■ AIM OF THE EXERCISE ■
Begin at the line below that holds "Bland dessa rapporter" and end at the line that holds "foto in scala", transcribing each line exactly and skipping any picture.

■ DATASET ENTRIES ■
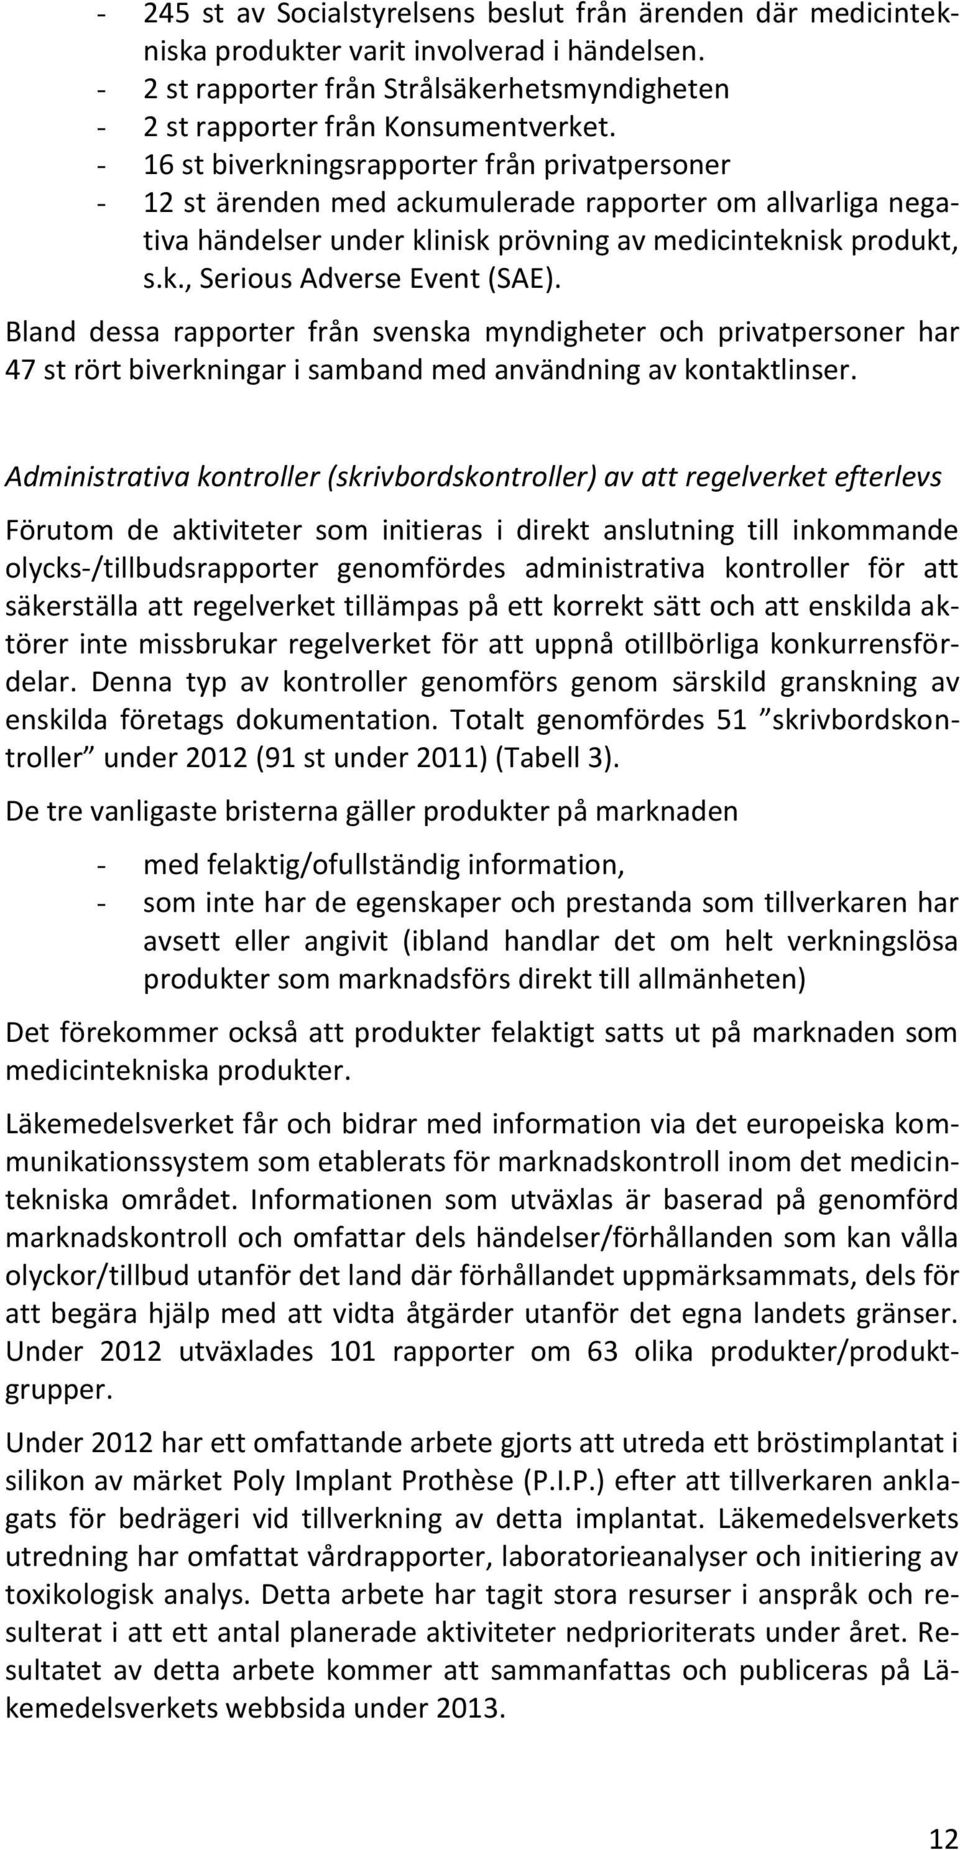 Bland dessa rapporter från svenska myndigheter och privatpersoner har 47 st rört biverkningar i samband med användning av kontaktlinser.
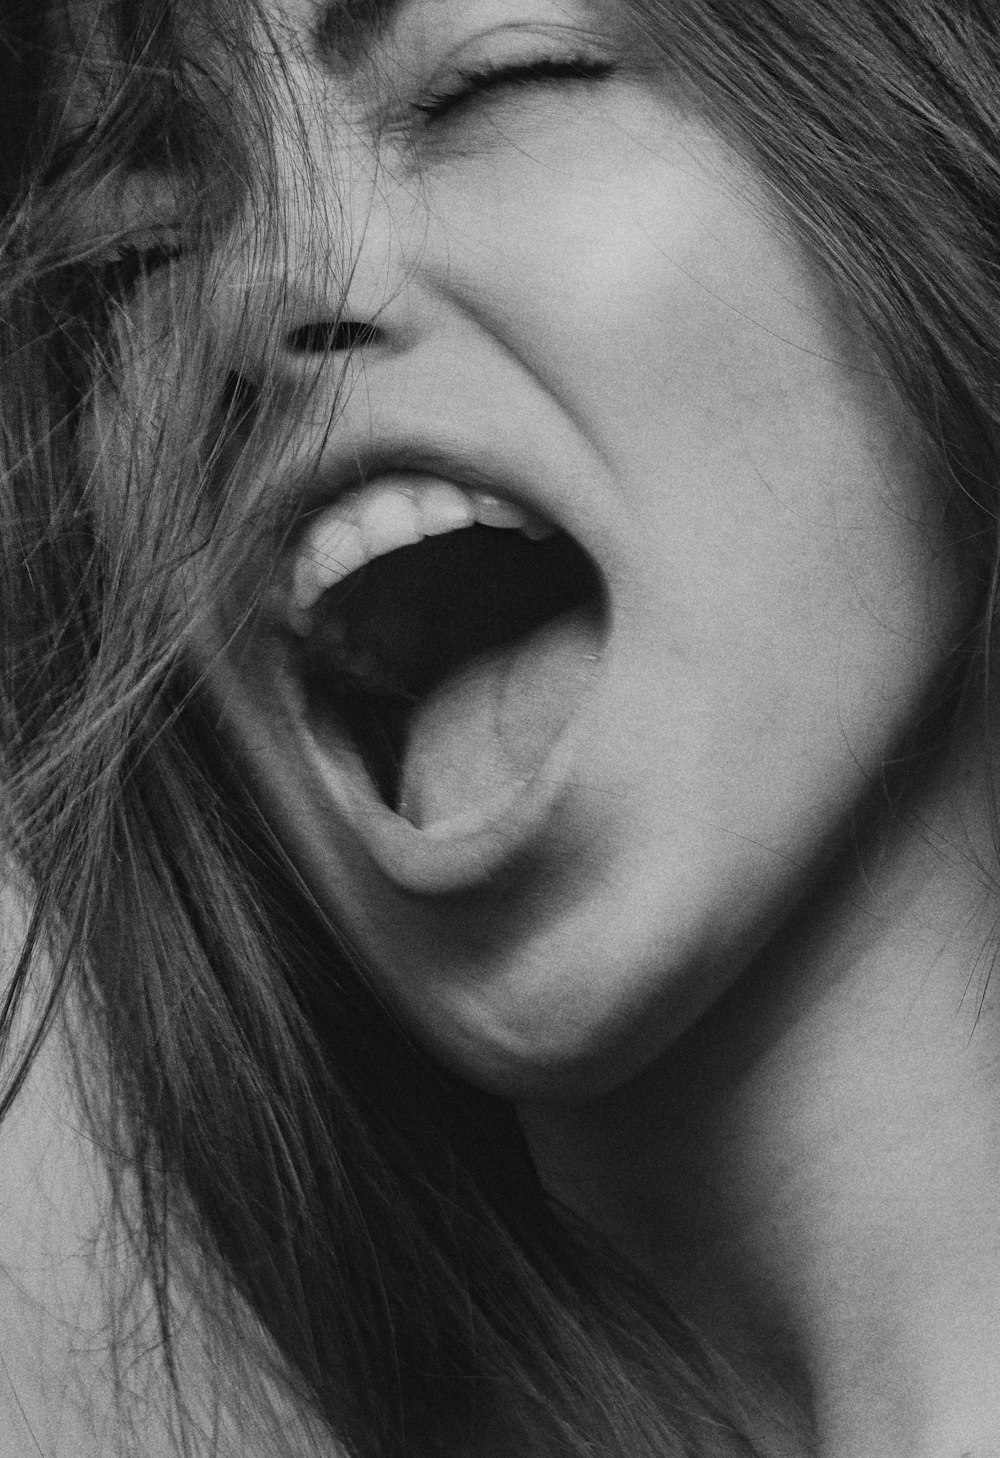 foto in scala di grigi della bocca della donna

---

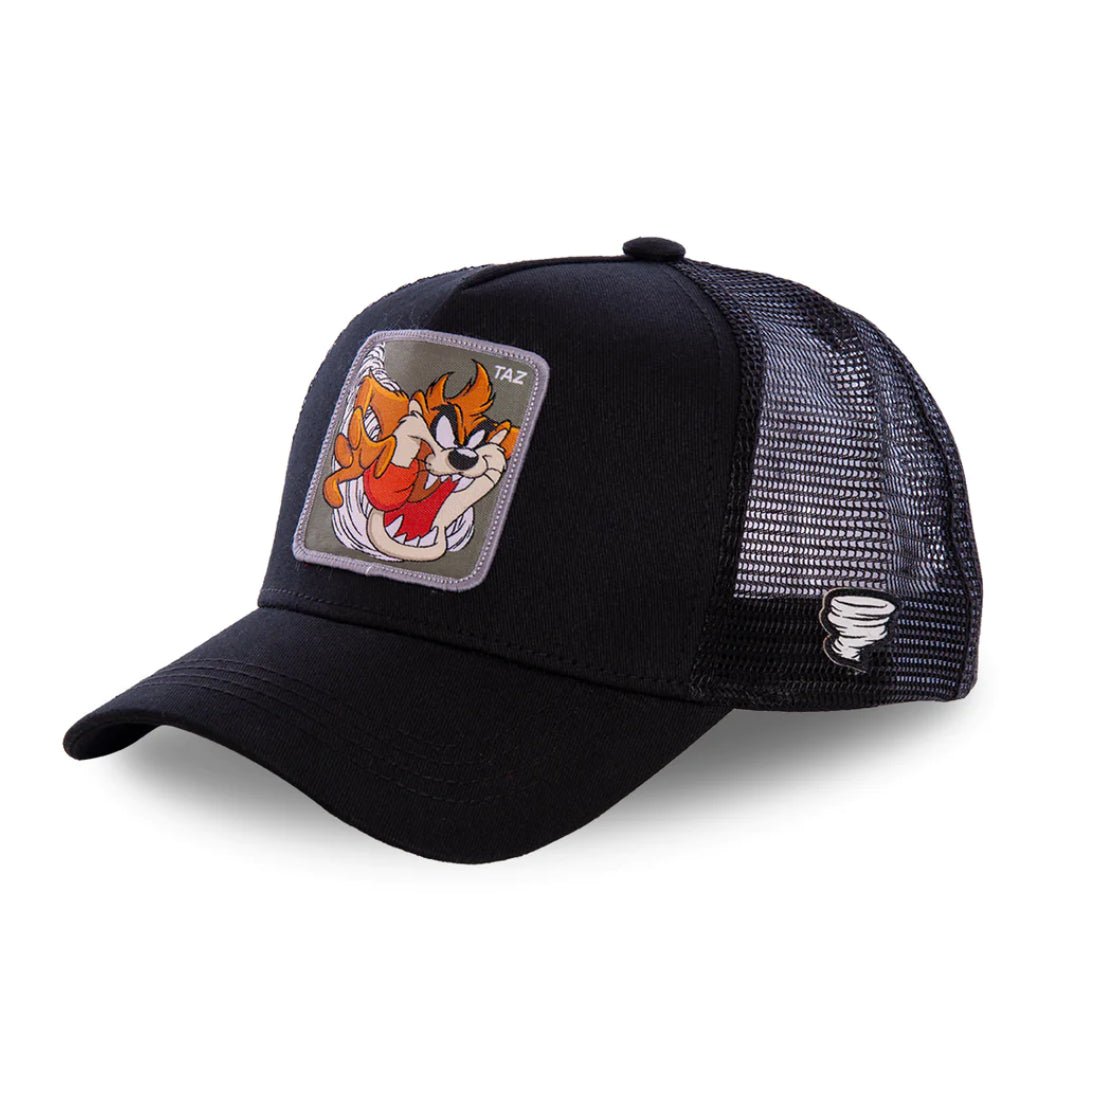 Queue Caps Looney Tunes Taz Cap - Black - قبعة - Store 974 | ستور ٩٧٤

■ RESULT ■
 Bland dessa rapporter från svenska myndigheter och privatpersoner har 47 st rört biverkningar i samband med användning av kontaktlinser.
 foto in scala di grigi della bocca della donna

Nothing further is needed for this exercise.